If, instead of keeping the sensor size constant you shrink it to match the decrease in focal length, you can keep the field of view constant. This is why zoom and cropping are effectively identical (although of course actual zoom with a larger sensor allows you to record more detail and more total light). It's also the source of the concept of "crop factor" — the idea that different focal lengths are equivalent on different formats (or conversely that the same focal length means something different depending on format). This is, unfortunately, the source of much confusion — see for example Does my crop sensor camera actually turn my lenses into a longer focal length?

And, it's also why the very tiny super-short-focal-length lenses on camera phones are only moderate wide angle — the sensor is correspondingly tiny. See So my iPhone 6 camera lens is as wide as my full frame 35mm DSLR lens? for more.

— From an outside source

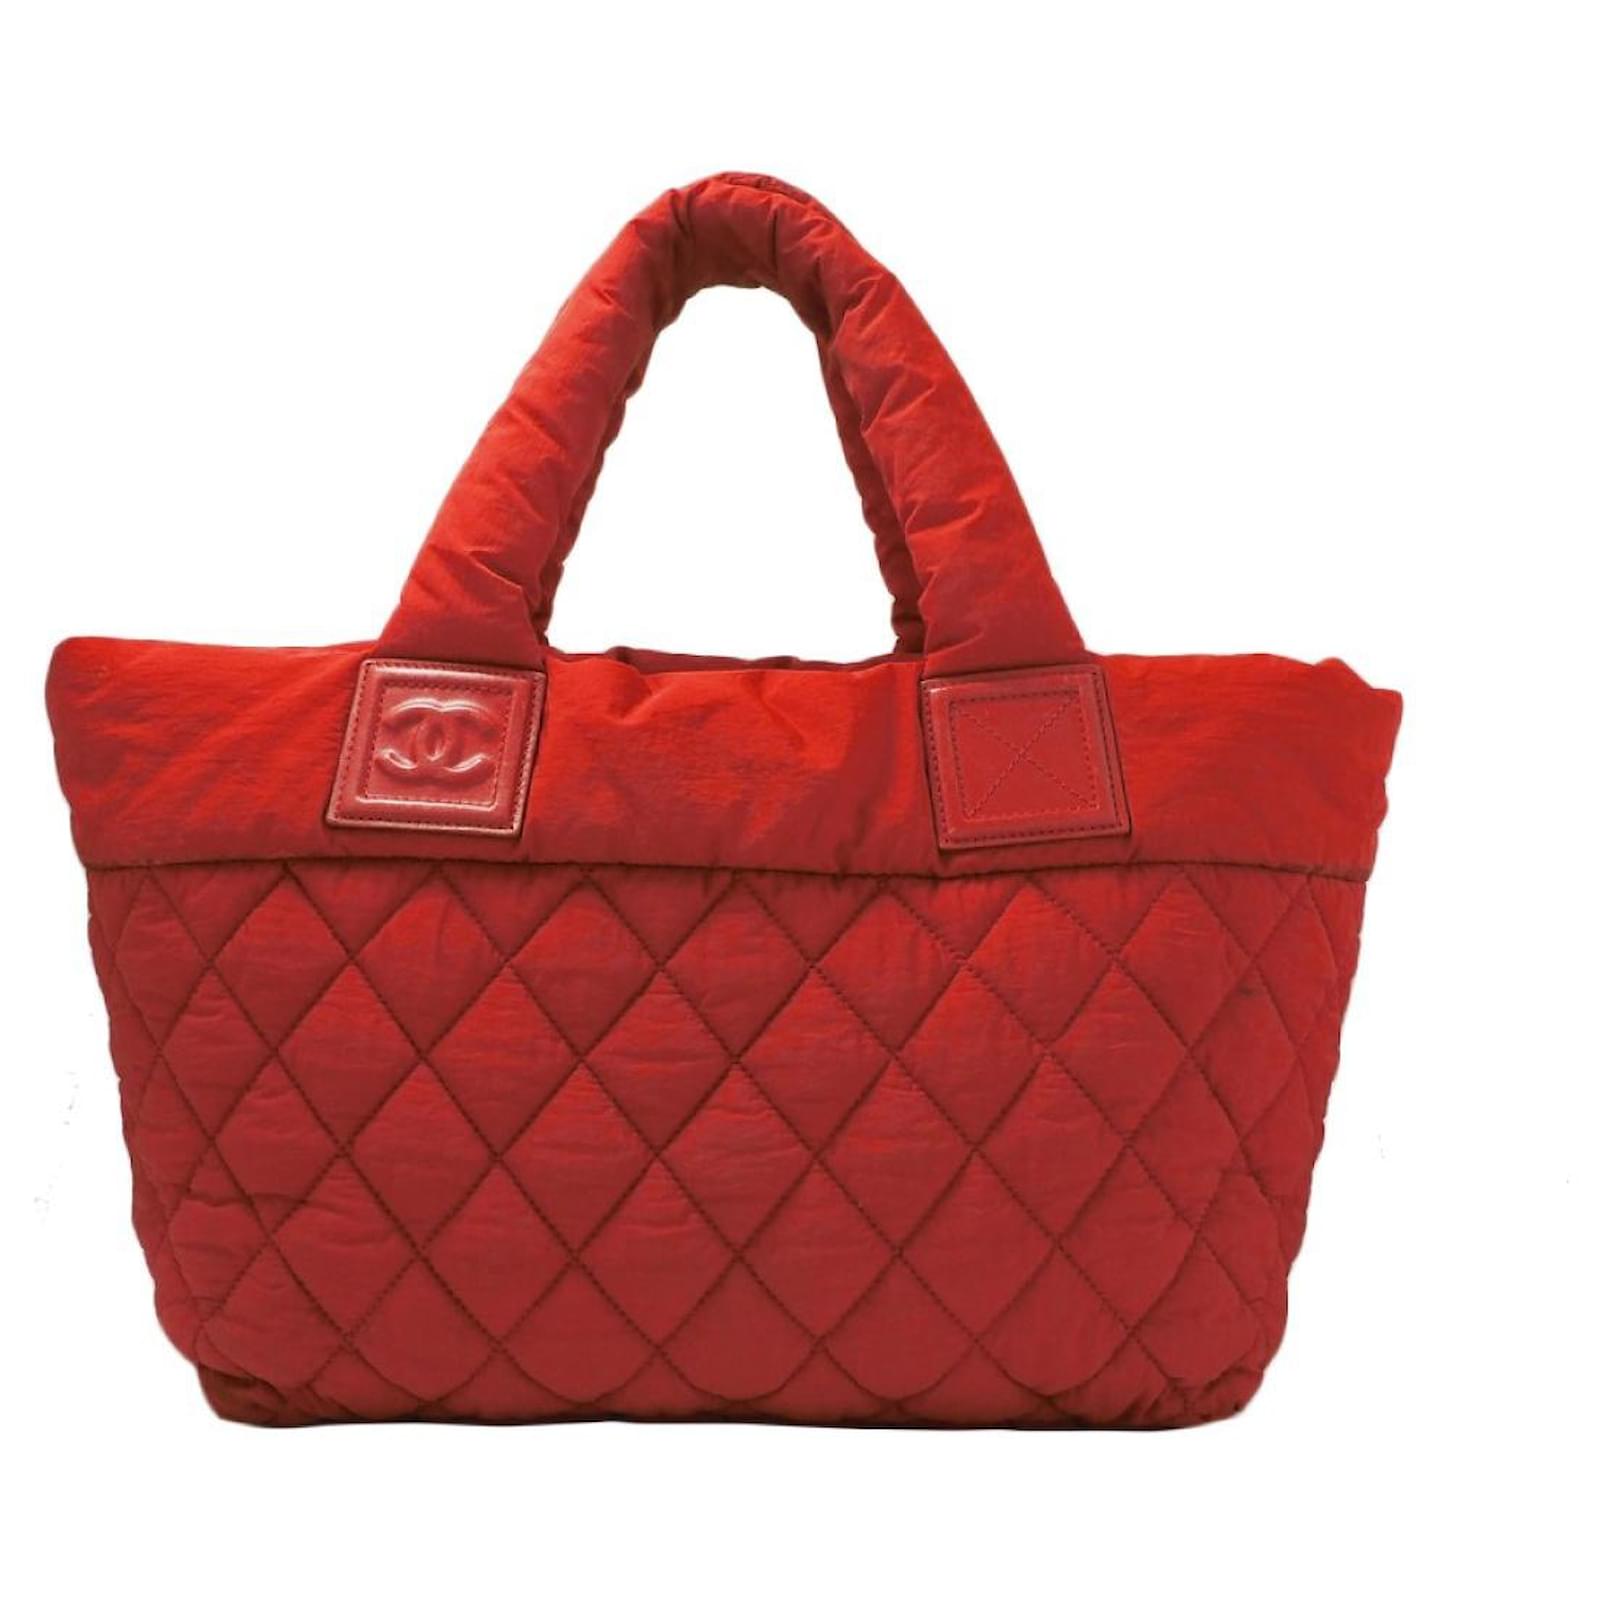 [Used] Chanel Coco Cocoon Tote PM Tote Bag Handbag Reversible Matrasse  Nylon Red Olive Green

All of that doesn't stop us from using focal length as a shorthand way to reference field of view. Of course, even when shooting film there were always multiple sizes, large and medium format on the one hand or smaller systems like 110 on the other. But due to the gigantic mass-market dominance of 35mm film, we tend to use that as the reference point, and speak of "35mm equivalent focal length" (and for that matter, call the digital form of that format "full frame" even though other sizes are equally "full" for their design). You can see this in action at What is an ultra-wide lens?, where answers are largely framed using focal lengths on 35mm as the baseline.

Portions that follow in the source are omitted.